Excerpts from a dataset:
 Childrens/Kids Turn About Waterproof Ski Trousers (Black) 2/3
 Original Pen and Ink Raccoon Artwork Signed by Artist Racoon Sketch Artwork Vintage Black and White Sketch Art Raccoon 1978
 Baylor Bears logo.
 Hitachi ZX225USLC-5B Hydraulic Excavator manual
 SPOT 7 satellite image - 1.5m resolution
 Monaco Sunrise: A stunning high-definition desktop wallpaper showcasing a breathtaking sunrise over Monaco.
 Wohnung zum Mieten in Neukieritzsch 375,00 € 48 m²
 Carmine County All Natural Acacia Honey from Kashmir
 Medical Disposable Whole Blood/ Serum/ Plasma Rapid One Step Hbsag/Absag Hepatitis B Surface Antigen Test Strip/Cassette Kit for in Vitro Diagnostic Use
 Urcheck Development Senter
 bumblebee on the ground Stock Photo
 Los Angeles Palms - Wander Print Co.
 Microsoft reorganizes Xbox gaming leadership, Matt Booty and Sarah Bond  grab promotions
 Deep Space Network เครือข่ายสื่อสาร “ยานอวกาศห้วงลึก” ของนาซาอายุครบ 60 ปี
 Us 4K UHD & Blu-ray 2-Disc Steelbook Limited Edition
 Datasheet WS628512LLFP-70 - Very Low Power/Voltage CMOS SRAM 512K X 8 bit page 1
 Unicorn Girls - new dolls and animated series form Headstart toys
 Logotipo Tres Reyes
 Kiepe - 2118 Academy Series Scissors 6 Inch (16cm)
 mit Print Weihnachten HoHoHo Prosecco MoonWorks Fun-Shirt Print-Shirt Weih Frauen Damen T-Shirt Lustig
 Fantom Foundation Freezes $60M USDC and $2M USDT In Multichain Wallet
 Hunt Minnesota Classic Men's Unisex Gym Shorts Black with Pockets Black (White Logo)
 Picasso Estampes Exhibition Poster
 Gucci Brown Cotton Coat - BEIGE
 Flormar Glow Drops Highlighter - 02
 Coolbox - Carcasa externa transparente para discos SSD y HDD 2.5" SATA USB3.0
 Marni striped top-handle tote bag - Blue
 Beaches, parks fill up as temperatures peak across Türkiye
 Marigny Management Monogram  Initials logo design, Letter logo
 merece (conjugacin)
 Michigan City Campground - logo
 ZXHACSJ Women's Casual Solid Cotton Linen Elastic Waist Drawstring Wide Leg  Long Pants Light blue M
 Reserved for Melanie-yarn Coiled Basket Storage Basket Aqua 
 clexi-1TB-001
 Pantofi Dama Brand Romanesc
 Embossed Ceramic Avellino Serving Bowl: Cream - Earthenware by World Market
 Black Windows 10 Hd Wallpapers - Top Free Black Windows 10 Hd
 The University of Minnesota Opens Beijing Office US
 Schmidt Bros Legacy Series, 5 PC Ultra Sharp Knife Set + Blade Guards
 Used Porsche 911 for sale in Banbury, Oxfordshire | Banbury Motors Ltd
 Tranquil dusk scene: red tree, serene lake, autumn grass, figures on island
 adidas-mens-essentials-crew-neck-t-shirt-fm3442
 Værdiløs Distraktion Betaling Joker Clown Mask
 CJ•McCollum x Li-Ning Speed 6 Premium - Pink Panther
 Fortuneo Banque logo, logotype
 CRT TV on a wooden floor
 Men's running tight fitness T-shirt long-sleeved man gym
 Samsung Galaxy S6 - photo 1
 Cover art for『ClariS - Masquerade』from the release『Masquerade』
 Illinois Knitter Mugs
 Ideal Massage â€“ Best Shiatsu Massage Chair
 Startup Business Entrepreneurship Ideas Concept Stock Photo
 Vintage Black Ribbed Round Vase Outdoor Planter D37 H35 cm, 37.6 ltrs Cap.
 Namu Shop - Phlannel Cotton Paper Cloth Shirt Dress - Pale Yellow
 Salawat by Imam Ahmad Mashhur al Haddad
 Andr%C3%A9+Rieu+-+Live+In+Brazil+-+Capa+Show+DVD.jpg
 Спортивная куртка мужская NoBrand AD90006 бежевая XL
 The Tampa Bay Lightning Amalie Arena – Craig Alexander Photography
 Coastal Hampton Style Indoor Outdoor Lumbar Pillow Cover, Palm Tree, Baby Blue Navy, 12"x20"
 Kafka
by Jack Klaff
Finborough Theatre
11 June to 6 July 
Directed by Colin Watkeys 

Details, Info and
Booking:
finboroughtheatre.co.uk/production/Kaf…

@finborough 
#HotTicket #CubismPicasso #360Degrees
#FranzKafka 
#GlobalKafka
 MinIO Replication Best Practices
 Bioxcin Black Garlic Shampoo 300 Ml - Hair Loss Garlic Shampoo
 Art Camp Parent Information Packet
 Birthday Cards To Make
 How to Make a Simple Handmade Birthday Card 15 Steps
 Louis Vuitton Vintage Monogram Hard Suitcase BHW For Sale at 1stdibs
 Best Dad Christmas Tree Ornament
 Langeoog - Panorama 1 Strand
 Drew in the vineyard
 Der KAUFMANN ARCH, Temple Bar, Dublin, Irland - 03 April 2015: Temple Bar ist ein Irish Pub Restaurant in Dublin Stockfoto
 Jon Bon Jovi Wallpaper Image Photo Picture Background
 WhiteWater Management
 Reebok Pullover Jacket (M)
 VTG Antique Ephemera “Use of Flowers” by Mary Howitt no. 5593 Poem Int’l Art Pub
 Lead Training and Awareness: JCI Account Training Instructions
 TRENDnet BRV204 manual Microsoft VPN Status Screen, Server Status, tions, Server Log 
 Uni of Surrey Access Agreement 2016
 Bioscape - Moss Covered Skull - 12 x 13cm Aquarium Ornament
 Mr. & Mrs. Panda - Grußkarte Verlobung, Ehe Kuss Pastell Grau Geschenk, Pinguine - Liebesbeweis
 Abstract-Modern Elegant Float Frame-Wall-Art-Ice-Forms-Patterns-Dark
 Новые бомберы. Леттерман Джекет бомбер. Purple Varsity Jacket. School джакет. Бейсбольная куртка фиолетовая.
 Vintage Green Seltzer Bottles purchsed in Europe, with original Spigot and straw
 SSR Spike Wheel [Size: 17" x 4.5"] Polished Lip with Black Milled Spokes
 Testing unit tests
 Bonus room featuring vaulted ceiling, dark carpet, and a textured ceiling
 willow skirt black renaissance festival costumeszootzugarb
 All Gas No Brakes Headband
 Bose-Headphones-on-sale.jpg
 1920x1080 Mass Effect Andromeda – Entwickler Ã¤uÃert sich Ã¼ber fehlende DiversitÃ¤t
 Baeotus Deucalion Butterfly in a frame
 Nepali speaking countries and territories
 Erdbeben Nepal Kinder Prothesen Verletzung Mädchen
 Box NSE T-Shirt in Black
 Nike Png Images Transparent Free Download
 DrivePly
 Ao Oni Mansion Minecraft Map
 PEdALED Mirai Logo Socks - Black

▶ WHAT TO WORK ON
Filter the entries down to the lines that include the string "Make".

▶ EXERCISE SOLUTION
 Birthday Cards To Make
 How to Make a Simple Handmade Birthday Card 15 Steps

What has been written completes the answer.